For the client side I use FoxyProxy for FireFox, I think there is also a plugin for Chrome as well.
Enjoy!
3 COMMENTS
Hi
Am trying to setup the Auth with squid server..
I had my client machine and the proxy server in the same network….That time i was not getting the auth prompt when i access a website….
But, when i move my client machine to a different network, i could see the auth prompt…

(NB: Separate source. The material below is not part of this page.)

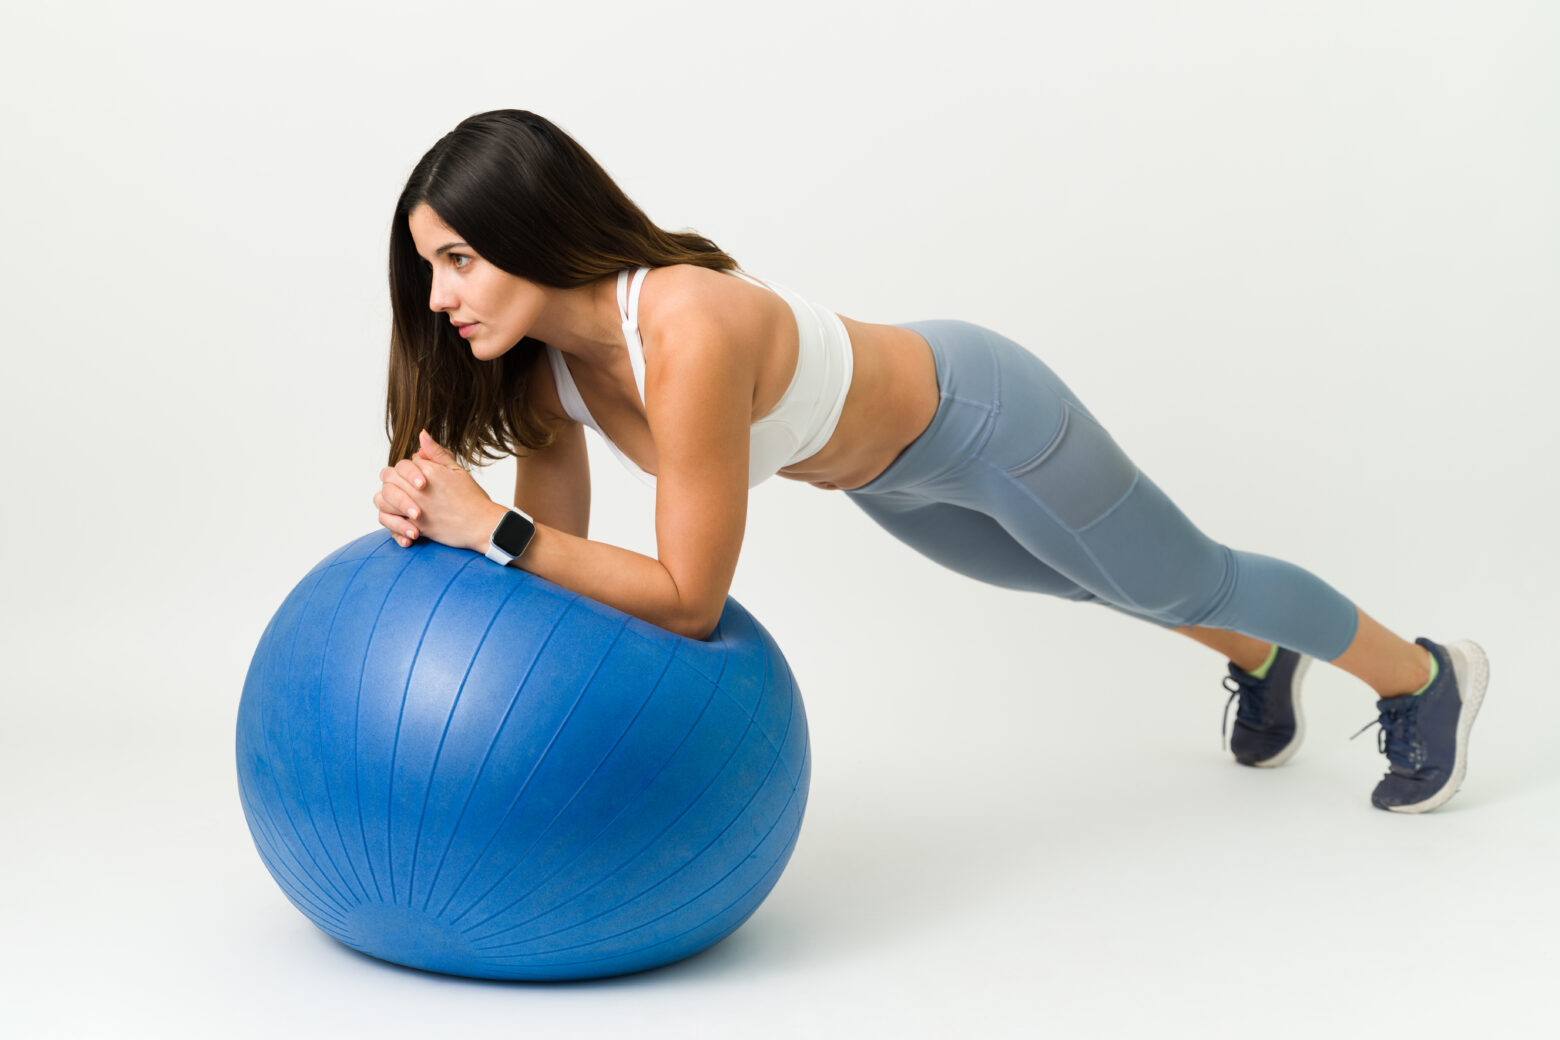 maintaining my ideal weight with exercise fit healthy young woman doing plank stability ball during her daily workout routine - Skoliose: Ingen hindring for et aktivt liv - Smertefribevægelse

Doesn’t both can be in the same network ?
My squid config
acl manager proto cache_object
acl localhost src 127.0.0.1/32 ::1
acl to_localhost dst 127.0.0.0/8 0.0.0.0/32 ::1
acl SSL_ports port 443
acl Safe_ports port 80 # http
acl Safe_ports port 21 # ftp
acl Safe_ports port 443 # https
acl Safe_ports port 70 # gopher
acl Safe_ports port 210 # wais
acl Safe_ports port 1025-65535 # unregistered ports
acl Safe_ports port 280 # http-mgmt
acl Safe_ports port 488 # gss-http
acl Safe_ports port 591 # filemaker
acl Safe_ports port 777 # multiling http
acl CONNECT method CONNECT
acl client src 192.168.117.0/24 192.168.0.0/16 172.16.0.0/16 119.82.97.250
http_access allow client
auth_param basic program /usr/lib/squid3/ncsa_auth /etc/squid3/squid_passwd
auth_param basic realm proxy
acl ncsa_users proxy_auth REQUIRED
http_access allow ncsa_users
Thanks for the info.
To Saleh:
You need to change the last line to:
http_access allow ncsa_users client
This is what I had to do in my config file and all works as it should now.
Thanks a lot for this tutorial, I had the same problem as you, some bots found my proxy and started using it and even worse, sharing it across hundreds of site, I just noticed it when I searched for my proxy on google.